| Aim of the task |
Pictures in the data below are not part of the copy; transcribe everything else exactly.

| Provided material |

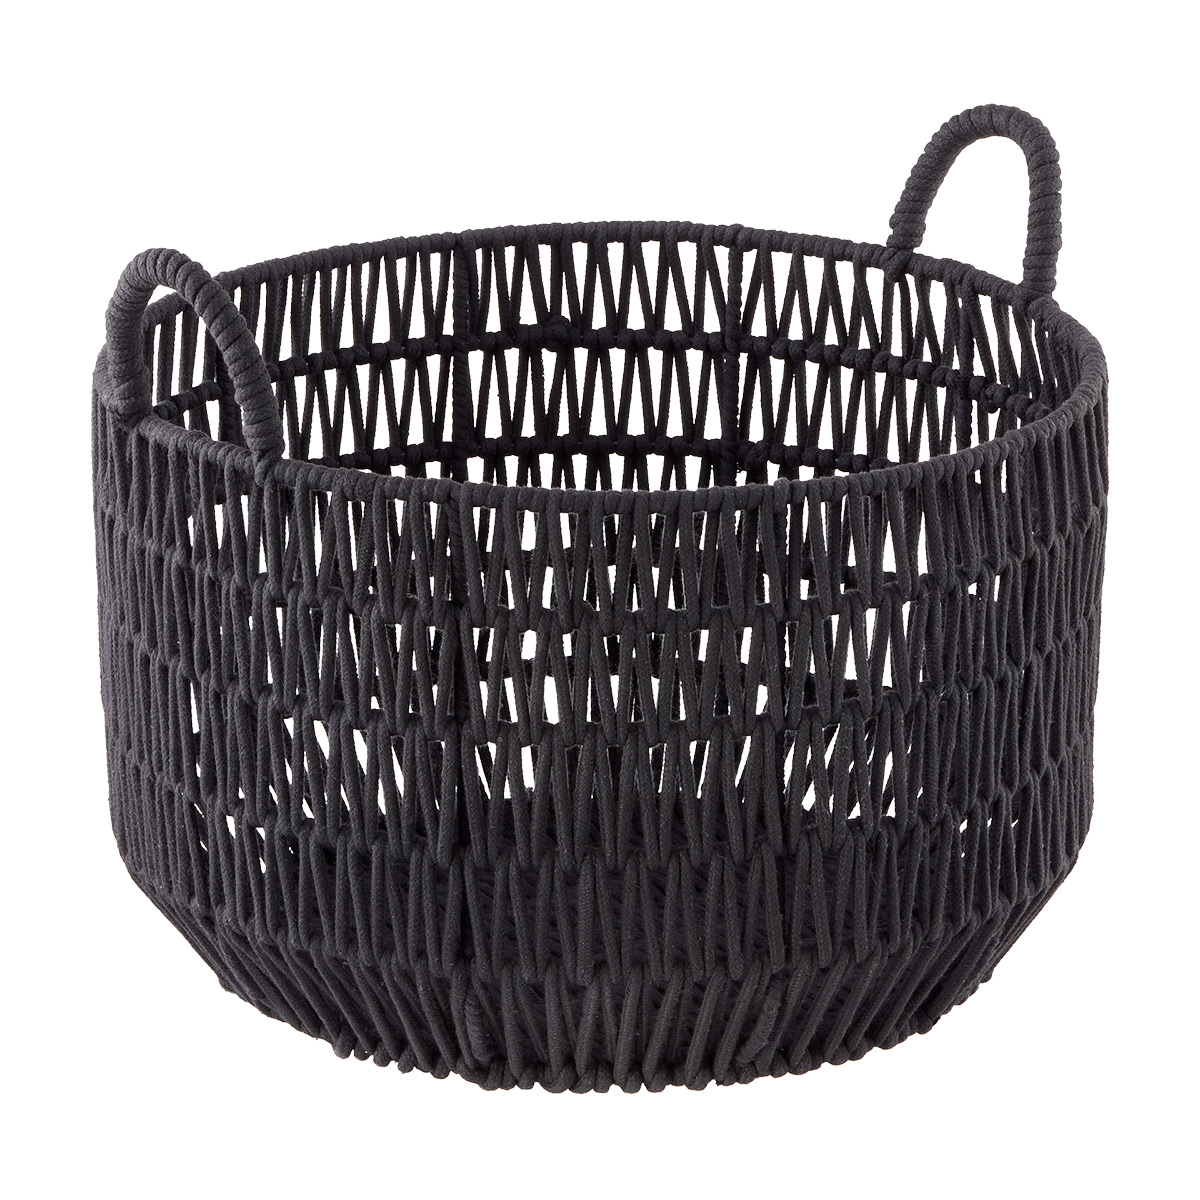 Luna Basket Black
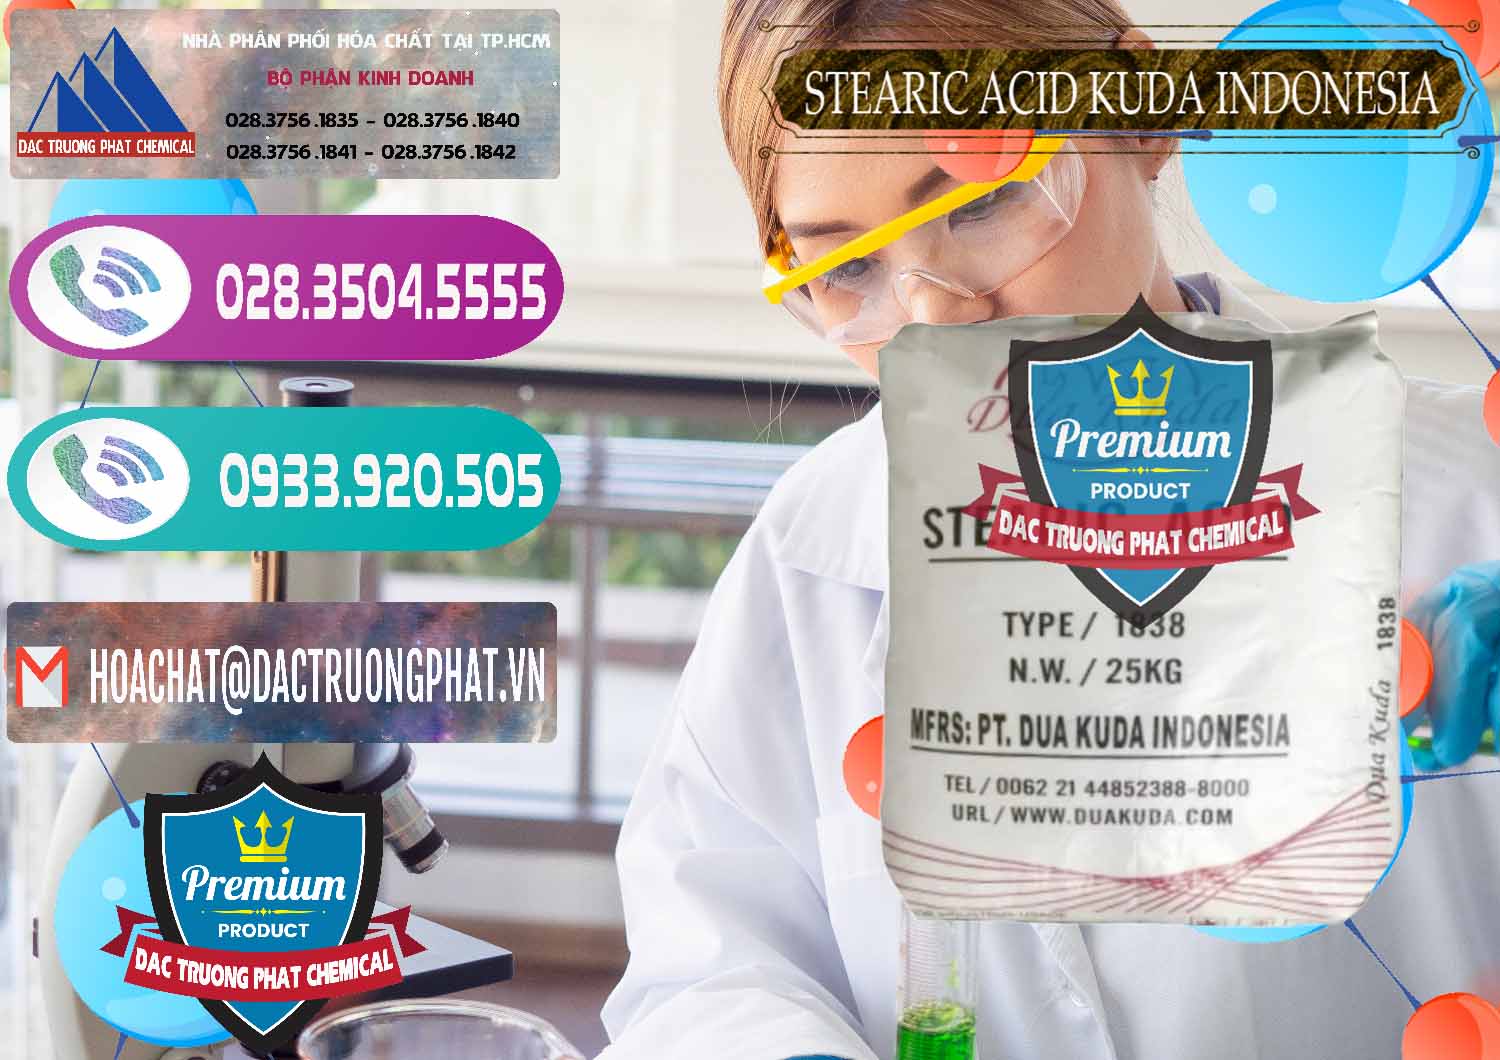 Cty nhập khẩu & bán Axit Stearic - Stearic Acid Dua Kuda Indonesia - 0388 - Công ty kinh doanh và phân phối hóa chất tại TP.HCM - hoachatxulynuoc.com
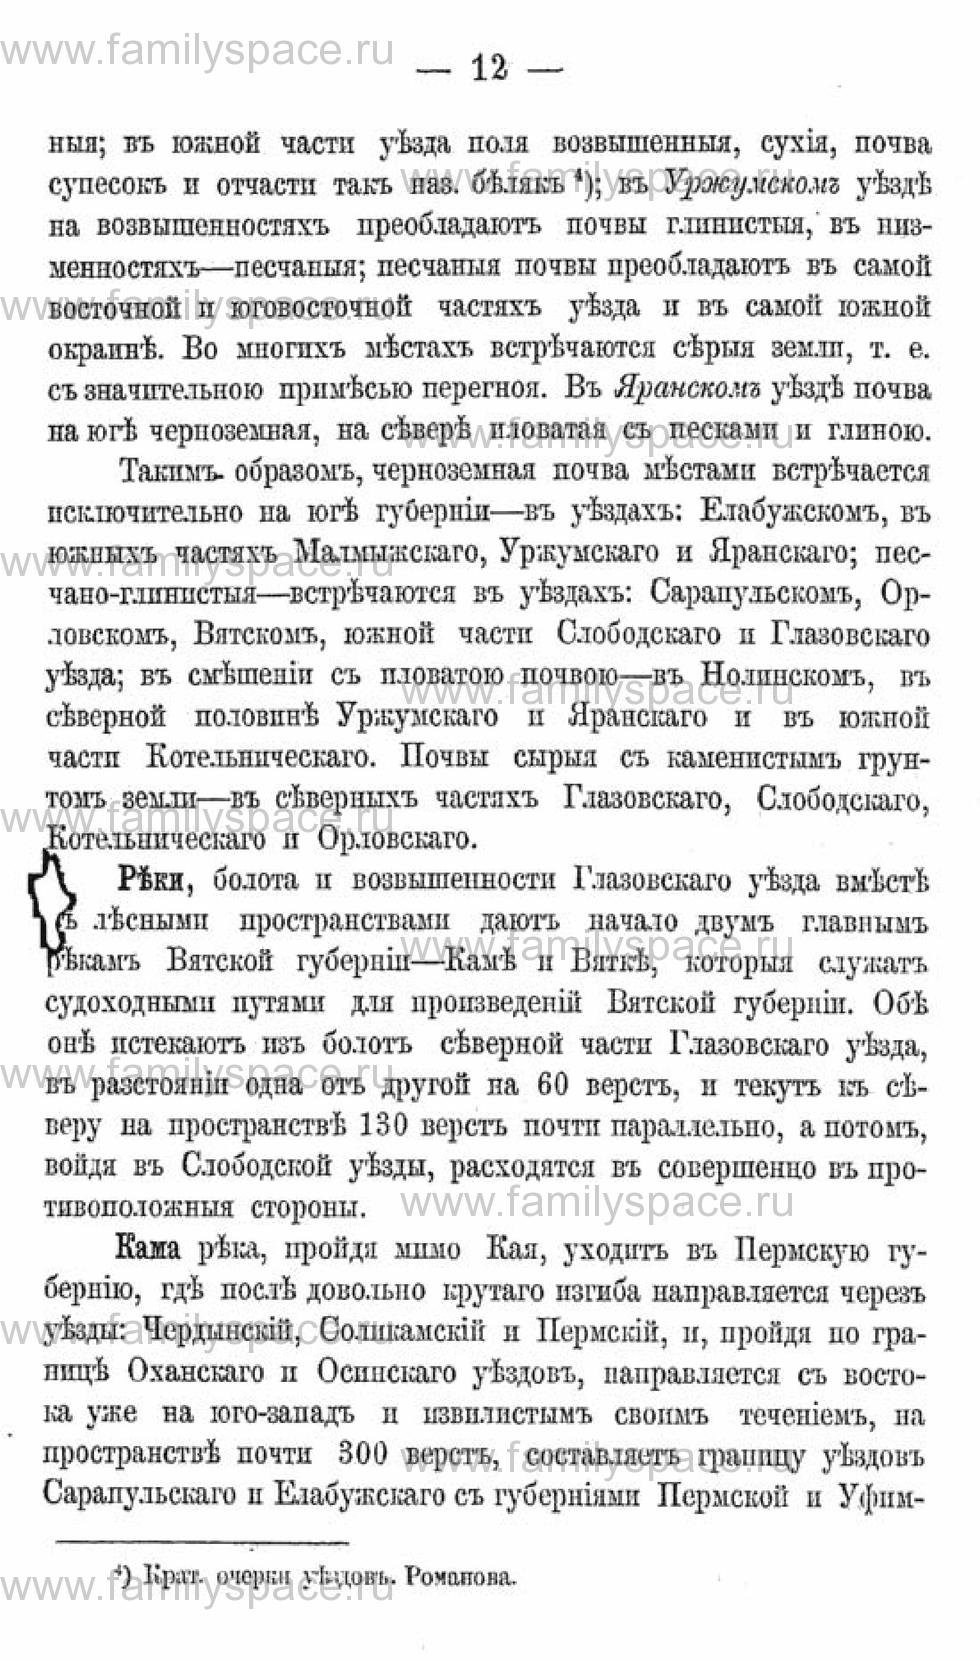 Поиск по фамилии - Календарь Вятской губернии - 1880, страница 2012
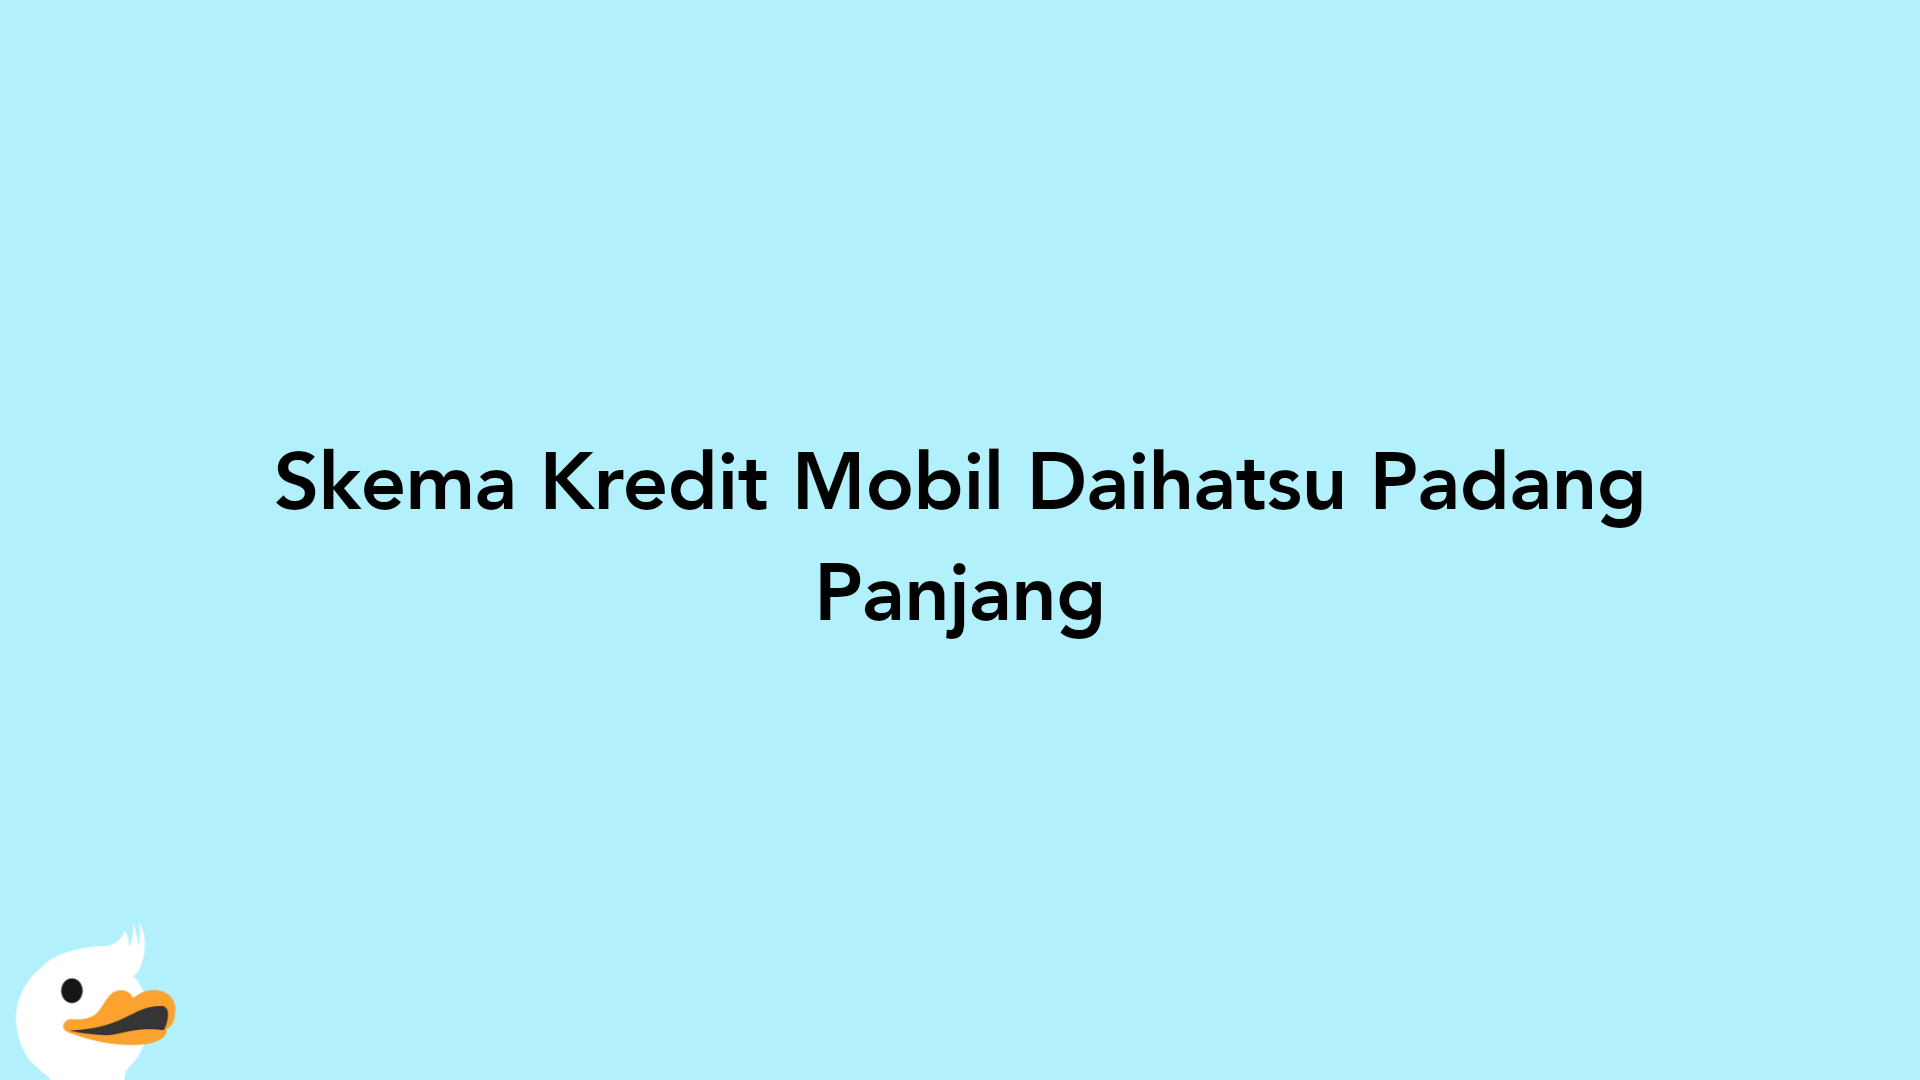 Skema Kredit Mobil Daihatsu Padang Panjang

| Finished task |
 Luna Basket Black
 Cty nhập khẩu & bán Axit Stearic - Stearic Acid Dua Kuda Indonesia - 0388 - Công ty kinh doanh và phân phối hóa chất tại TP.HCM - hoachatxulynuoc.com
 Поиск по фамилии - Календарь Вятской губернии - 1880, страница 2012
 Skema Kredit Mobil Daihatsu Padang Panjang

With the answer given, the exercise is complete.